The input START
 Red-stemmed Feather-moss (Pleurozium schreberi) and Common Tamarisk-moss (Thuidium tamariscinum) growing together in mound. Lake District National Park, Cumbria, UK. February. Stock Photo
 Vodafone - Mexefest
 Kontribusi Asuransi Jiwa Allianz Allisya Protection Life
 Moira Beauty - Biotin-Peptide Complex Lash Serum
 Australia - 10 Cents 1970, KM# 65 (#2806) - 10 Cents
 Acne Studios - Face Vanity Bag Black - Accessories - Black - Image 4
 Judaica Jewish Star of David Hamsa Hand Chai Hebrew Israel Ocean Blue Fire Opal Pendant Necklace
The input END
Aim of the task: Please write out exactly the line containing "Moira Beauty - Biotin-Peptide" and every line after it through the end of the records, nothing more.

Response:
 Moira Beauty - Biotin-Peptide Complex Lash Serum
 Australia - 10 Cents 1970, KM# 65 (#2806) - 10 Cents
 Acne Studios - Face Vanity Bag Black - Accessories - Black - Image 4
 Judaica Jewish Star of David Hamsa Hand Chai Hebrew Israel Ocean Blue Fire Opal Pendant Necklace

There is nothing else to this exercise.